Di sisi lain, Permaisuri, Ratu, atau Selir sendiri memakai motif burung phoenix. Naga dan phoenix dianggap sebagai pasangan hewan alami dalam budaya Tiongkok. Phoenix digunakan sebagai simbol eksklusif Permaisuri dan Selir Kaisar. Semakin tinggi peringkat wanita, maka semakin banyak burung phoenix yang disulam atau didekorasi pada gaun atau mahkotanya.


Pemilihan pakaian tradisional berwarna kuning serta putih juga memiliki makna tersendiri. Warna kuning mempresentasikan bumi sebagai elemen pusat dari alam semesta. Warna kuning juga terdapat pada kain sutra dan satin, sehingga biasa digunakan atau dimiliki oleh para keluarga kelas atas. Konon katanya, warna ini tidak boleh sembarangan dipakai, hanya para keluarga kerajaan atau petinggi, serta orang-orang yang dihormati yang boleh menggunakannya.

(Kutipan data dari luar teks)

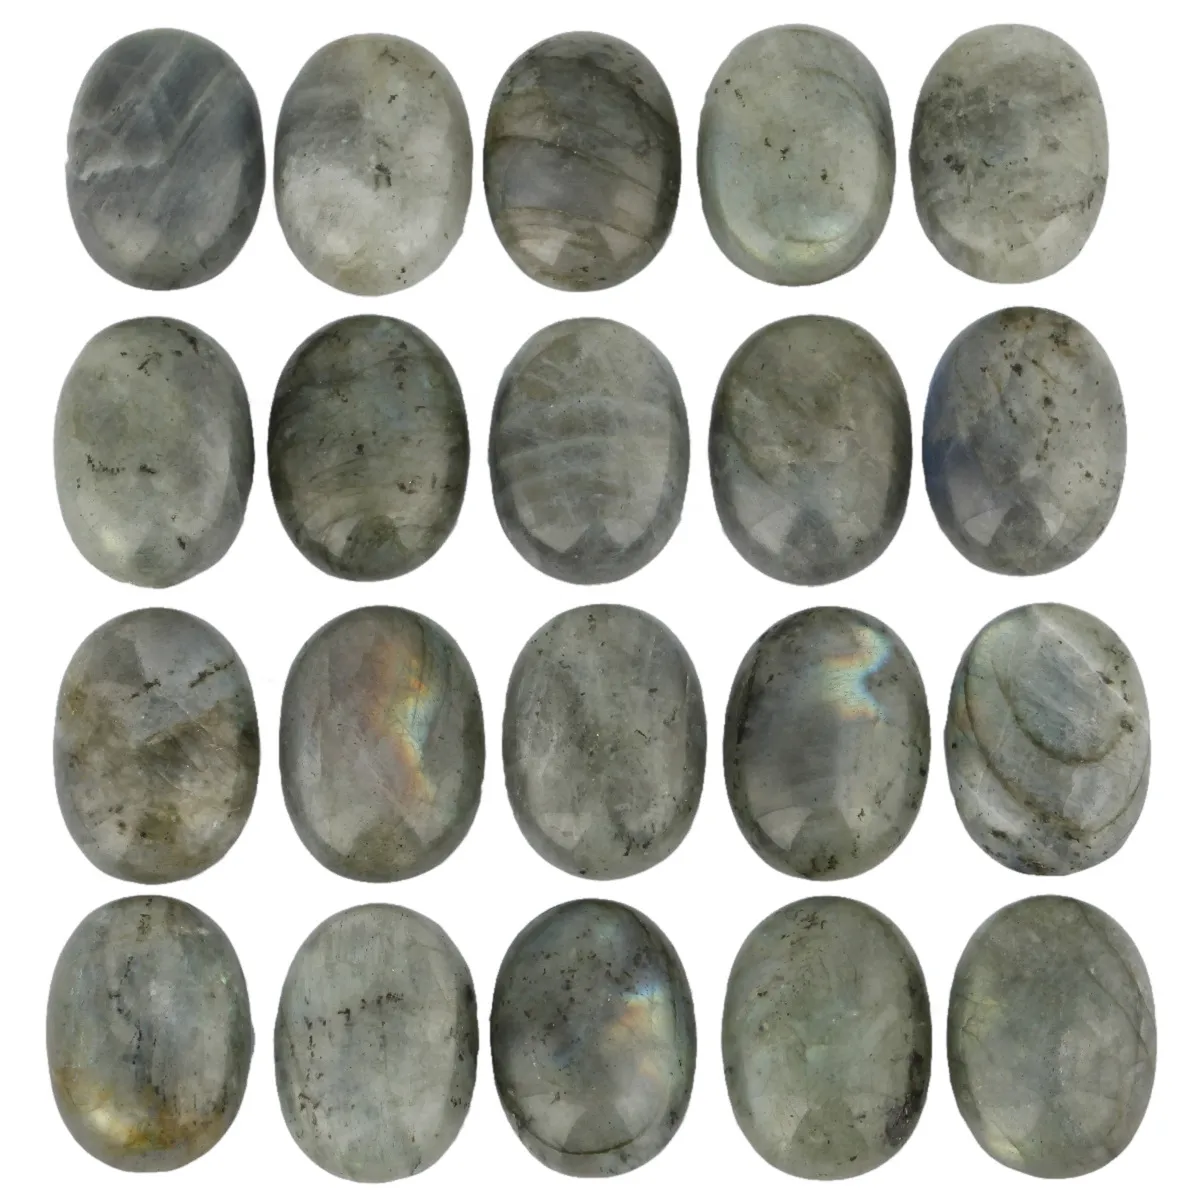 Naturlig Labradorit Oval Flat Back Gemstone Cabochons Healing Chakra Crystal Stone Bead Cab Cover Inget hål för smycken hantverk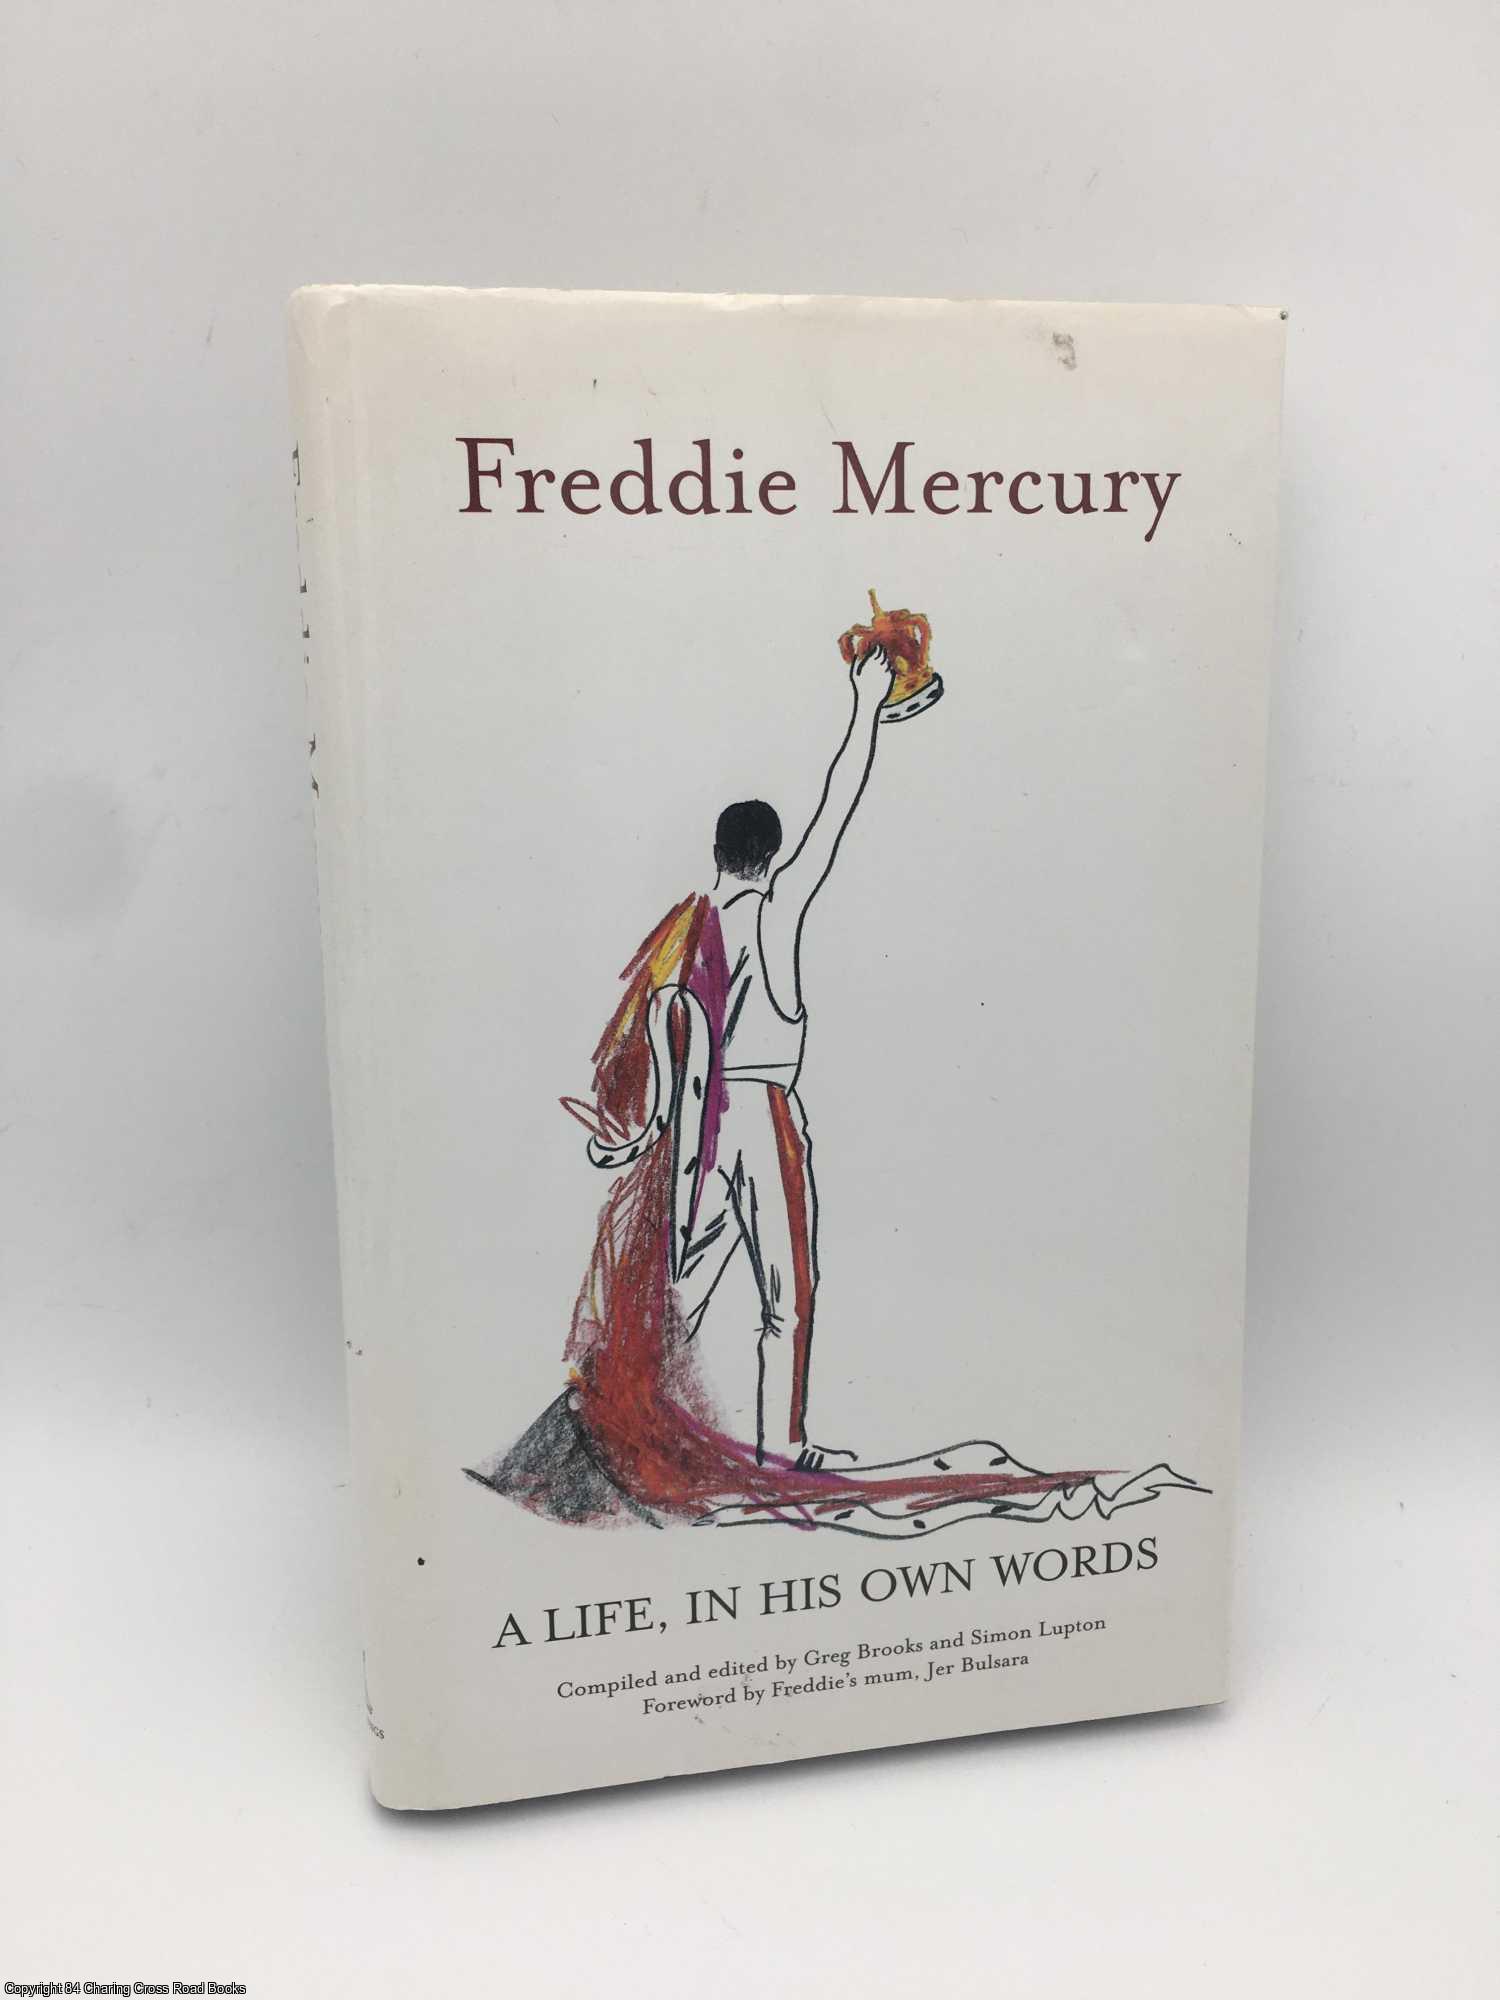 Mercury, Freddie - Freddie Mercury a Life, in His Own Words

Sedangkan warna putih melambangkan elemen logam, di mana biasa biasa dipakai oleh orang-orang yang sudah menikah. Warna putih juga dipercaya sebagai warna yang melambangkan kesucian dan kemurnian jiwa. Selain itu warna putih juga melambangkan kerendahan hati. Warna ini juga mengandung makna bahwa siapa pun bisa memakai warna putih, tanpa memandang status kedudukan seseorang.


Sedangkan para Nona Muda yang ada di sana, tampil dengan semestinya. Mereka memakai pakaian tradisional yang menonjolkan identitas mereka sebagai Nona Muda, lengkap dengan hiasan kepala rambut berupa dwikkoji serta daenggi yang dibuat dari material beragam. Ada juga yang memakai Ji atau Chai, yaitu nama umum untuk jepit rambut di Tiongkok. Bentuk dan material Ji atau Chai juga beragam, dibedakan berdasarkan status sosial pemakainya. Mulai dari bahan batu giok, emas, perak, gading, perunggu, bambu, kayu ukir, kulit penyu, tulang, tanduk, dan sebagainya.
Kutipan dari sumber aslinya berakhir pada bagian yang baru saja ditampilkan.